QualStat

QualStat is a simple program to calculate errors of quality measurements, such as MAD, MADtr, r² and PI. It does so by a parametric bootstrap-procedure, assuming that all the input data are normal distributed. For data that is not normal distributed, alternative exists, but cannot be handled by this program.

The code is located in /away/bio/Qualstat and the executable is located in /away/bio/Bin/Qualstat

The program is compiled with gfortran using command make all

Samuel Genheden, 2011-2012

Input

The program requires, and will ask for, three inputs:

A data file that has the following format:
The first line specifies the number of records, n
The next n lines all have the same format and consists of three or four free-format columns:
1. The calculated quantity
2. The standard deviation (error) of the calculated quantity
3. The expected quantity
4. The standard deviation (error) of the expected quantity, this column is optional
A factor, fac, by which to scale the errors. The errors are scaled with 1/sqrt(fac)
This makes it possible to give either the standard deviation or the standard deviation of the mean of the calculated quantities. The standard deviation of the mean is the assumed standard deviation of the normal distribution that generated the data. So if one, in the data file, specify the standard deviation one must be sure to set fac to the number of data points on which the average was calculated. Otherwise, one can just press enter (and use the default of 1).
The quality measurements to calculate
The quality measurements should be written inside double quotes (") . The default is "MAD MADtr r2 tau"
A common choice is "MAD MADtr r2 tau taux"
or for FEP "MAD r2 r22 PI RMSD MSD slope slope2 inter taur taurx"

Output

The program has the possibility to calculate the following quality measurements:

Mean absolute deviation (MAD)
Mean absolute deviation, when systematic error is removed (MADtr)
Squared Pearson's correlation coefficient r² (r2)
Predictive index (PI)
Root mean square deviation (RMSD)
Mean signed deviation (MSD)
Median of deviation (Median)
Mean quota (MQ)
Q-value (Q)
Slope of linear regression line with expected quantity as x-variable (slope)
Intercept of linear regression line with expected quantitiy as x-variable (inter)
Slope times mean expected (multi)
Median absolute deviation (AbsMed)
Kendall's tau (tau)
MAD from regression line (regMAD)
Area under ROC curve (ROCar)
Kendall's tau without insignificant pairs (taux_90)
Kendall's tau for relative energies (taur)
Kendall's tau for signficant relative energies (taurx_90)
Squared Pearson's correlation coefficient r² with also negated data (r22)
Slope of linear regression line with also negated data (slope2)

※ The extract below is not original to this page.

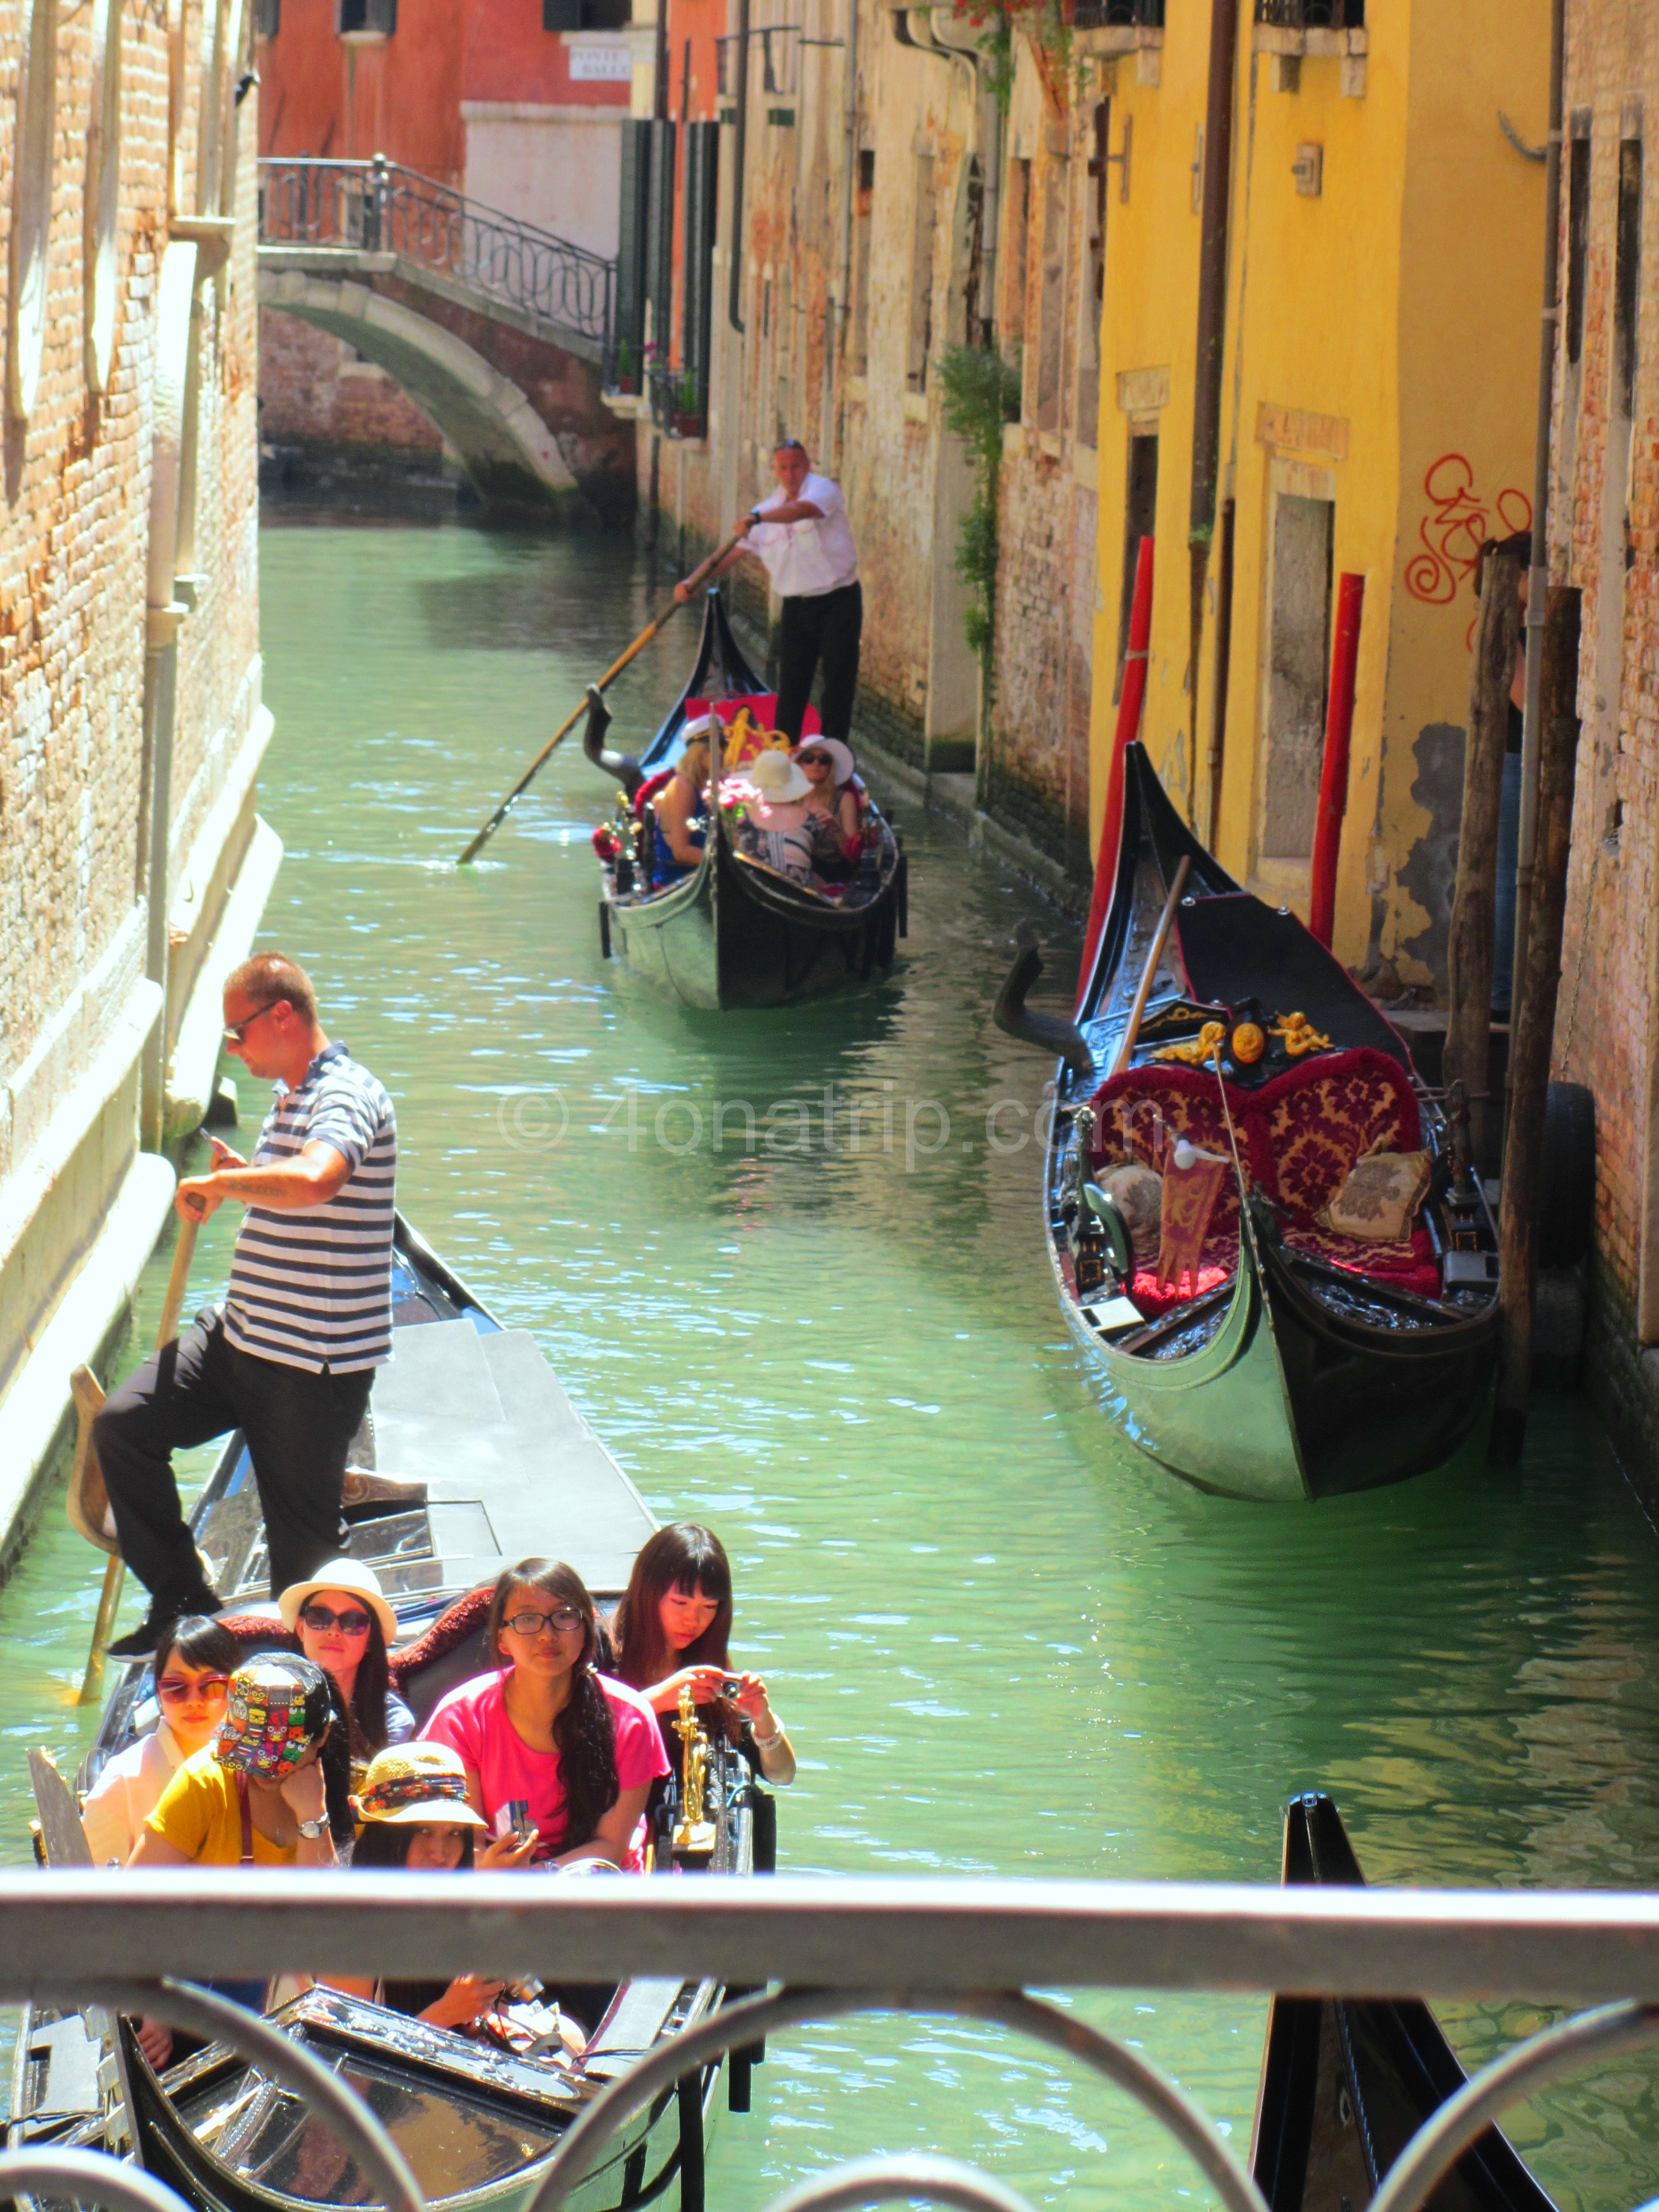 Views of Venice, Italy

Each of these measurements can be selected by the program by giving the abbreviation in parenthesis.
For each of these quality measurements, the program will calculate the following output:

Biased estimate
Standard deviation of biased estimate

Verbose input and output

If the program is started with the flag -v (QualStat -v) the program will ask for:

The number of bootstrap samples to generate. The default is 1000 samples.
The experimental uncertainty, unless it is given in the input data file.

And the program will write out the following additional statistics.

95% confidence interval of biased estimate, based upon a normal approximation
Bias
Unbiased estimate
95% confidence interval of unbiased estimate, based upon the error distribution

The qualstat_series.py utility

qualstat_series.py is a Python script that is useful to calculate the quality measurements for a series of predictions.

The program is run by typing:
qualstat_series.py MEASUREMENTS EXPECTED PREDICTIONS [ERRORS]

MEASUREMENTS is a string specifying the quality measurements to calculate, e.g. "MAD MADtr r2 PI"
EXPECTED is a file with the expected quantities, with optional uncertainties. One quantity at each lines.
PREDICTIONS is a file with the predicted quantities. It should have as many line as the expected quantities.
The different predictions should be on separate column.
The uncertainties of the predictions can be specfied in this file by alternating predictions with uncertainties. Alternatively, they could be specified in an additional file.
ERRORS is an optional file that contain the uncertanties of the predictions if they are not specified in PREDICTIONS.

The script creates appropriate input to QualStat for each prediction and it assumes that the standard deviation of the mean was the specified uncertainity. It will print out the biased estimate and standard deviation of each quality measurement.

Note: the program contains some more advanced options as well, but these are of experimental character and not well tested. Type qualstat_series.py without any arguments to get a short help text.

Technicalities

The program is written in Fortran90 and its compilation has been tested only with gfortran. The code does not depend on any external functions that is not part of standard Fortran90.

It is possible, and quite easy, to extend the program, so that it can calculate other quality measurements. Look in the quality.f90 file for further instructions.

The program can be compiled by
make clean
make all